In [84]: df.groupby('animal').apply(lambda subf: subf['size'][subf['weight'].idxmax()])
Out[84]:
animal
cat L
dog M
fish M
dtype: object
In [85]: gb = df.groupby(['animal'])
In [86]: gb.get_group('cat')
Out[86]:
animal size weight adult
0 cat S 8 False
2 cat M 11 False
5 cat L 12 True
6 cat L 12 True
Apply to different items in a group
In [87]: def GrowUp(x):
....: avg_weight = sum(x[x['size'] == 'S'].weight * 1.5)
....: avg_weight += sum(x[x['size'] == 'M'].weight * 1.25)
....: avg_weight += sum(x[x['size'] == 'L'].weight)
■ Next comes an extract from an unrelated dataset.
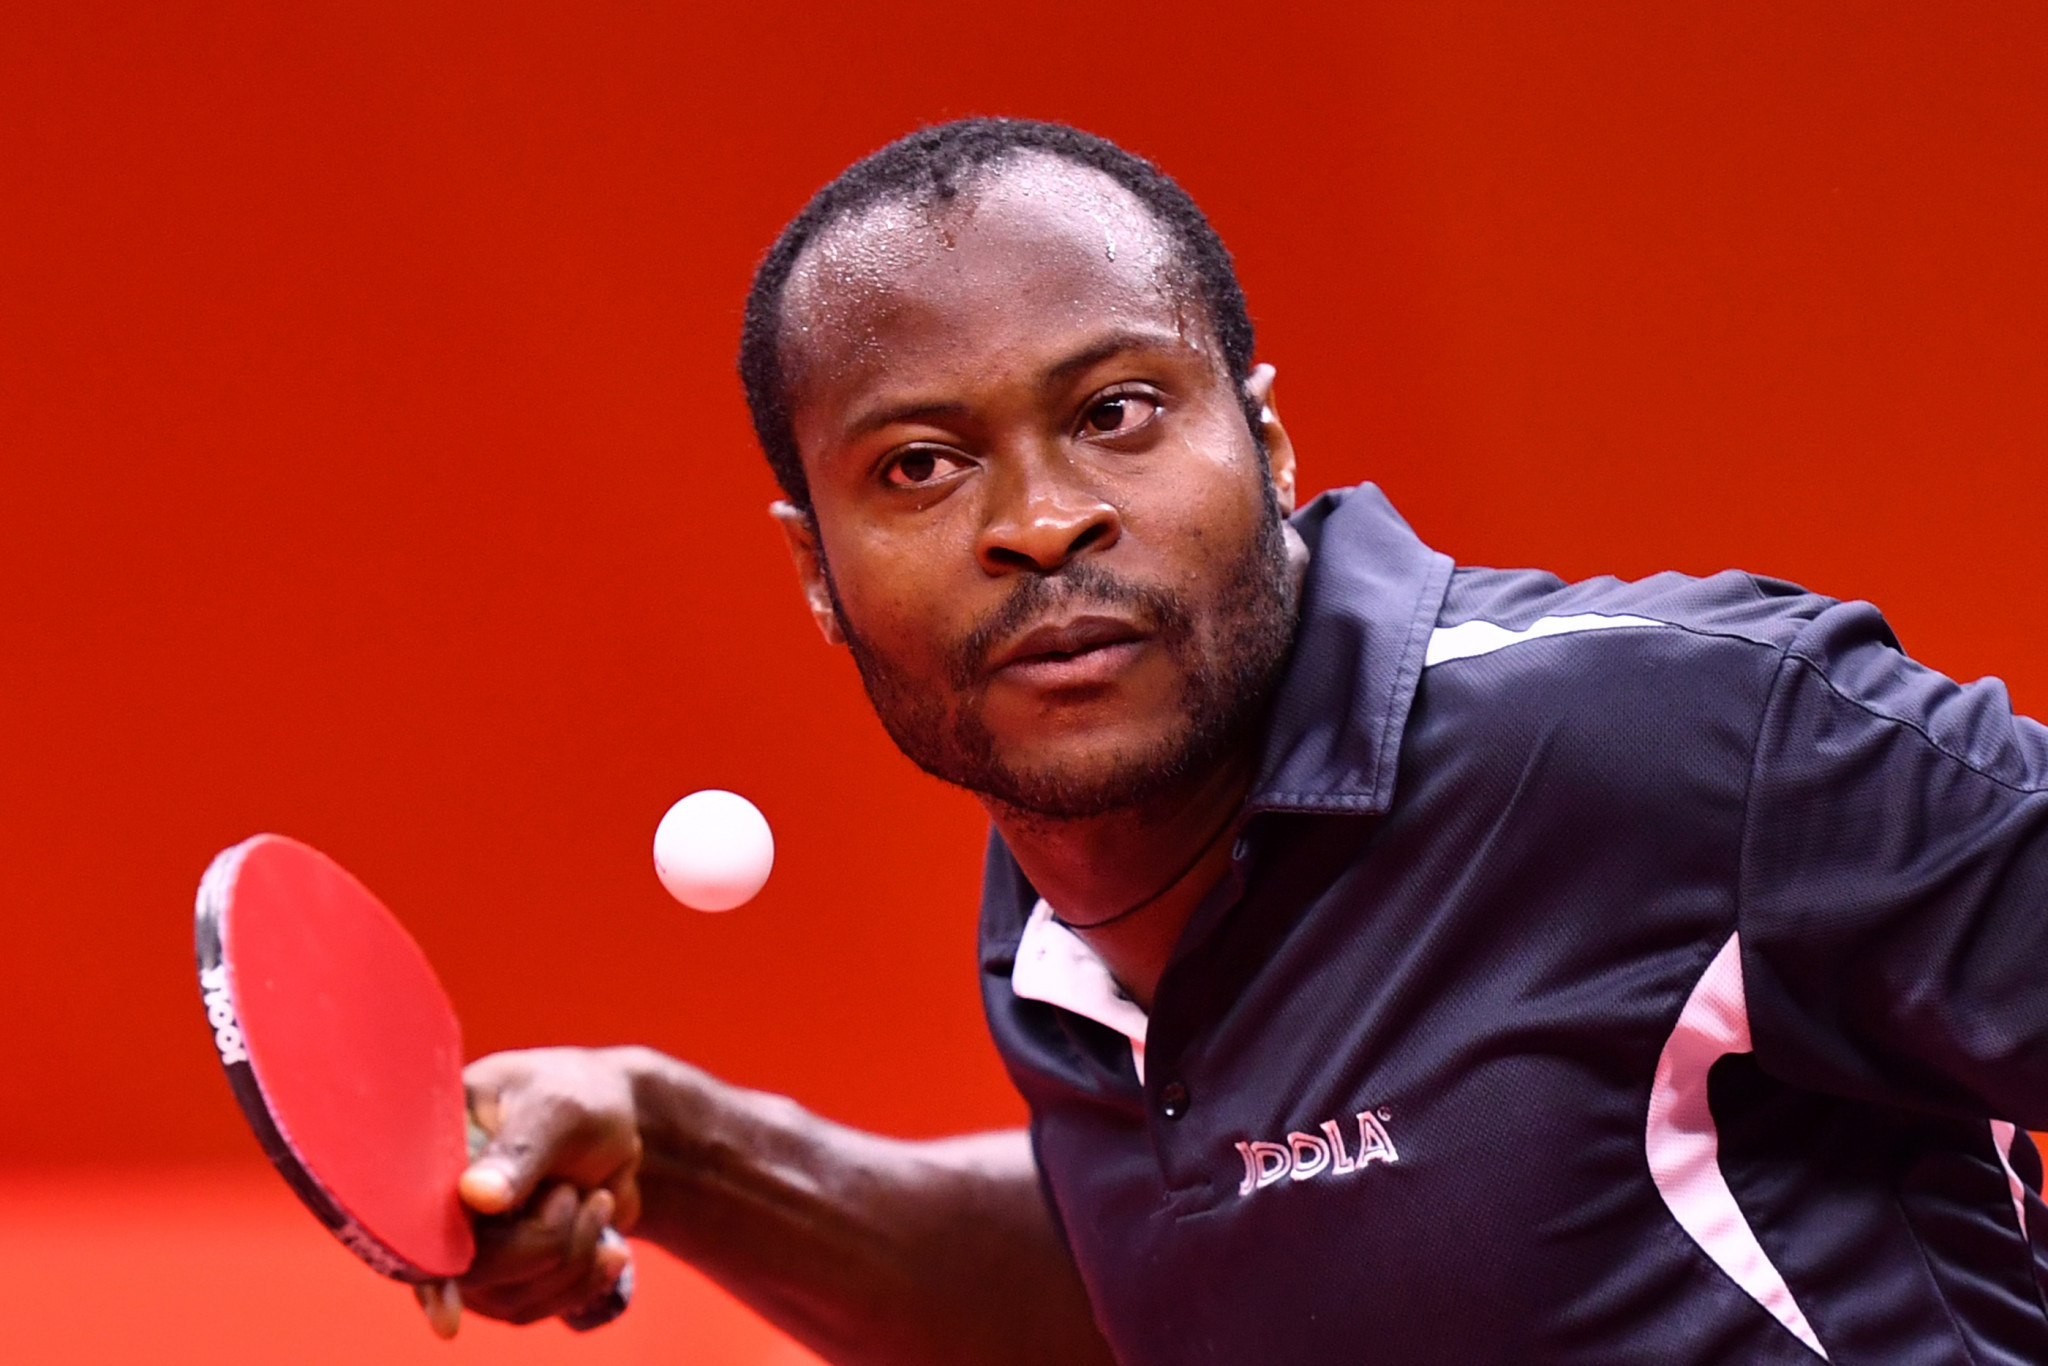 Quadri Aruna is among the players set to represent Nigeria at the 2019 African Games ©Getty Images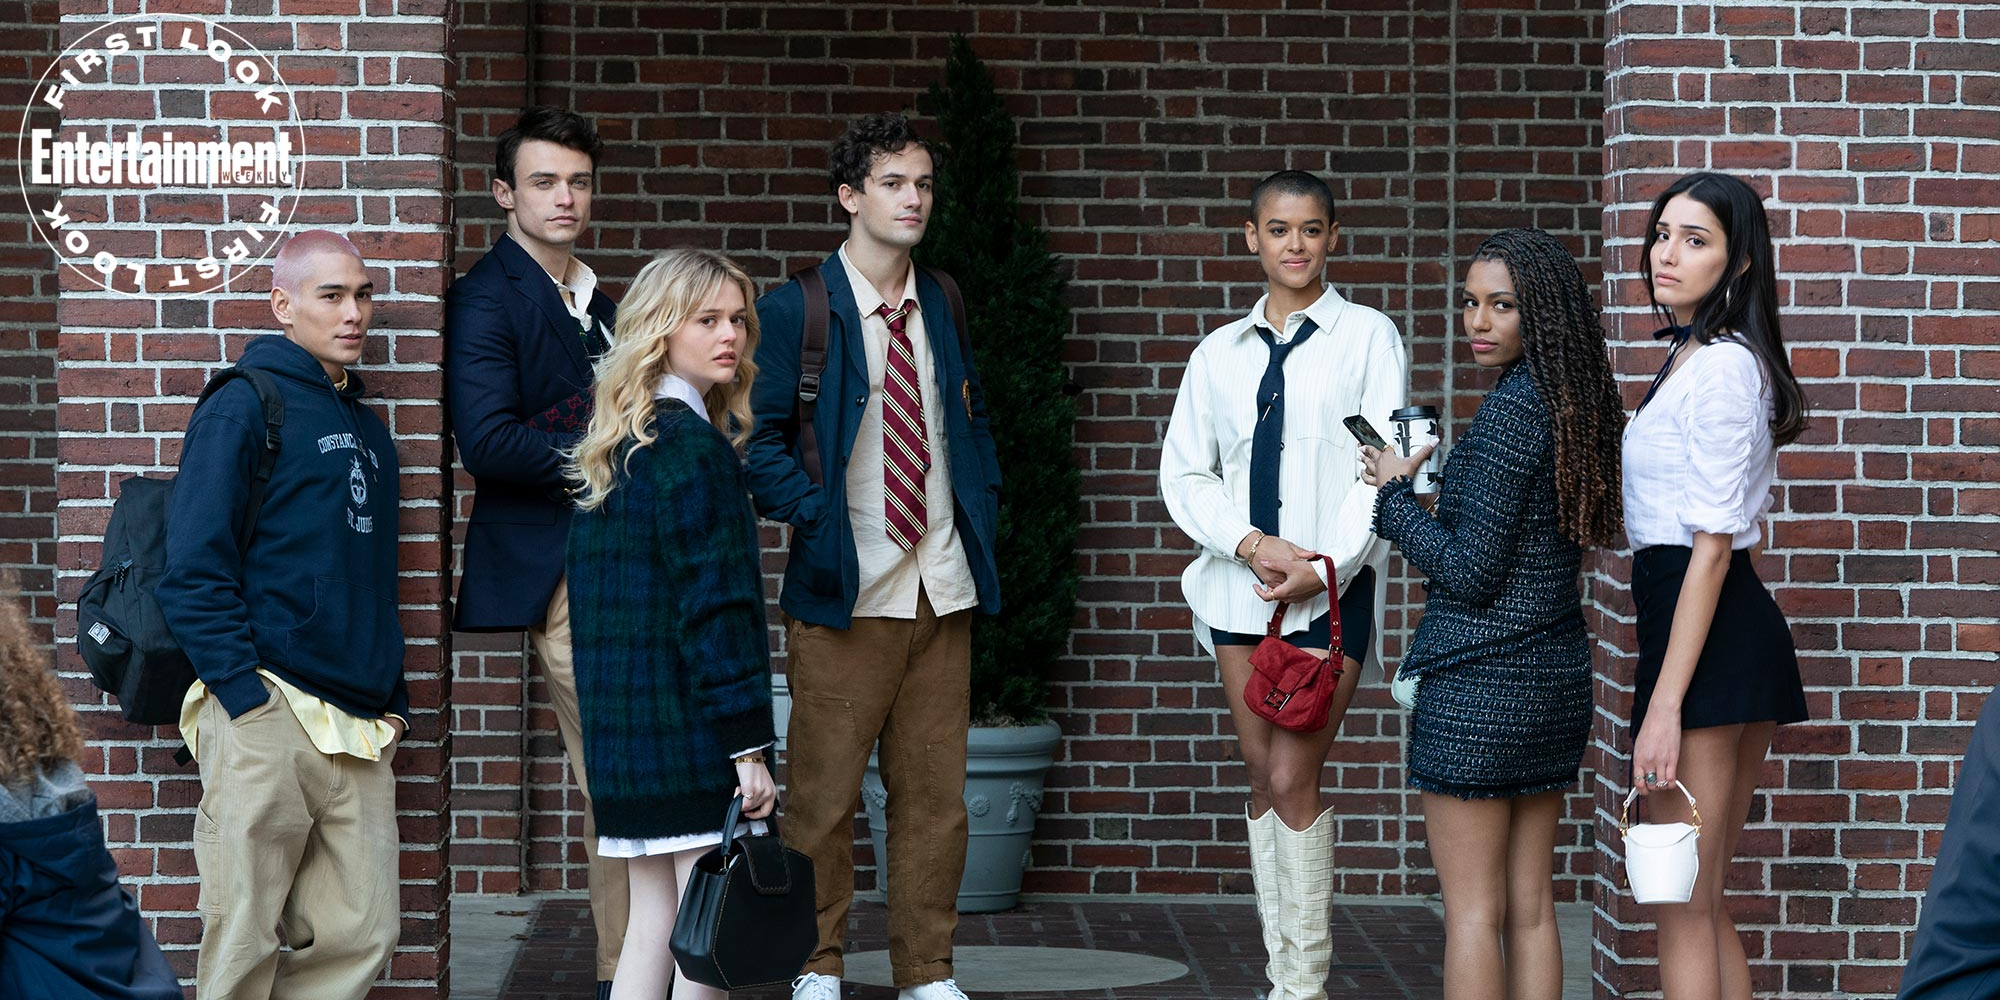 Gossip Girl' Reboot: All the New Details on the HBO Max Series (Exclusive)

....: avg_weight /= len(x)
....: return pd.Series(['L',avg_weight,True], index=['size', 'weight', 'adult'])
....:
In [88]: expected_df = gb.apply(GrowUp)
In [89]: expected_df
Out[89]:
size weight adult
animal
cat L 12.4375 True
dog L 20.0000 True
fish L 1.2500 True
In [90]: S = pd.Series([i / 100.0 for i in range(1,11)])
In [91]: def CumRet(x,y):
....: return x * (1 + y)
....:
In [92]: def Red(x):
....: return functools.reduce(CumRet,x,1.0)
....:
In [93]: S.expanding().apply(Red, raw=True)
Out[93]:
0 1.010000
1 1.030200
2 1.061106
3 1.103550
4 1.158728
5 1.228251
6 1.314229
7 1.419367
8 1.547110
9 1.701821
dtype: float64
Replacing some values with mean of the rest of a group
In [94]: df = pd.DataFrame({'A' : [1, 1, 2, 2], 'B' : [1, -1, 1, 2]})
In [95]: gb = df.groupby('A')
In [96]: def replace(g):
....: mask = g < 0
....: g.loc[mask] = g[~mask].mean()
....: return g
....:
In [97]: gb.transform(replace)
Out[97]:
B
0 1.0
1 1.0
2 1.0
3 2.0
Sort groups by aggregated data
In [98]: df = pd.DataFrame({'code': ['foo', 'bar', 'baz'] * 2,
....: 'data': [0.16, -0.21, 0.33, 0.45, -0.59, 0.62],
....: 'flag': [False, True] * 3})
....:
In [99]: code_groups = df.groupby('code')
In [100]: agg_n_sort_order = code_groups[['data']].transform(sum).sort_values(by='data')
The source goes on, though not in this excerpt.